Stored records:
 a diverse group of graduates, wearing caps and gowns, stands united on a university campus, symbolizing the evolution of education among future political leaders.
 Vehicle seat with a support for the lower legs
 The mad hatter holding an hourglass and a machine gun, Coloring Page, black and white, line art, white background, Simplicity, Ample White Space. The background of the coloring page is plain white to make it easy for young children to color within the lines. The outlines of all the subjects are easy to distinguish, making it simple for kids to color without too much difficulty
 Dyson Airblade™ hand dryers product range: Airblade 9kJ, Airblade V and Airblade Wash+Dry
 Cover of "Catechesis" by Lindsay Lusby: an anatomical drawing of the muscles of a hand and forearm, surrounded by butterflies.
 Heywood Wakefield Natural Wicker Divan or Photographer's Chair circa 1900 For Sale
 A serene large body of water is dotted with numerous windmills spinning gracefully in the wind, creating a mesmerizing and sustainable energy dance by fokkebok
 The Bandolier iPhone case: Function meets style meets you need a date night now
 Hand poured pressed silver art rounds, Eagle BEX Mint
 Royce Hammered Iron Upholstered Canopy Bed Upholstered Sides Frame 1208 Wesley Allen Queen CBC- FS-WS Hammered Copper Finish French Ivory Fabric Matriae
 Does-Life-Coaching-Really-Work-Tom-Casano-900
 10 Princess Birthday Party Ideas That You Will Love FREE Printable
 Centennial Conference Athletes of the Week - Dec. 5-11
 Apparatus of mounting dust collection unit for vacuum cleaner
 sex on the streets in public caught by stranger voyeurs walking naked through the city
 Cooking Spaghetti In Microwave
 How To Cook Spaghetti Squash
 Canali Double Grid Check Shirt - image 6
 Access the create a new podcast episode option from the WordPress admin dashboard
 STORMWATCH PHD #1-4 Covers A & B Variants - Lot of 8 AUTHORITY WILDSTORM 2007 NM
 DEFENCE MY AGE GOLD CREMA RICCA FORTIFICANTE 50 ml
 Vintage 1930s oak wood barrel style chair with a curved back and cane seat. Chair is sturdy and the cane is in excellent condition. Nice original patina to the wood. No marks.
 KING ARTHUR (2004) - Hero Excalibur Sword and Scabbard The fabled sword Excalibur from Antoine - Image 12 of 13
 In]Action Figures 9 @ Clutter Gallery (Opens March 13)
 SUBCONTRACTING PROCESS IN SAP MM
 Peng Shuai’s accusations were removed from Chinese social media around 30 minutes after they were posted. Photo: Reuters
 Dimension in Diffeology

ASSIGNMENT: From the records above, give again exactly the lines running from the line with "sex on the streets" to the line with "DEFENCE MY AGE", inclusive.

RESPONSE TO THIS EXERCISE:
 sex on the streets in public caught by stranger voyeurs walking naked through the city
 Cooking Spaghetti In Microwave
 How To Cook Spaghetti Squash
 Canali Double Grid Check Shirt - image 6
 Access the create a new podcast episode option from the WordPress admin dashboard
 STORMWATCH PHD #1-4 Covers A & B Variants - Lot of 8 AUTHORITY WILDSTORM 2007 NM
 DEFENCE MY AGE GOLD CREMA RICCA FORTIFICANTE 50 ml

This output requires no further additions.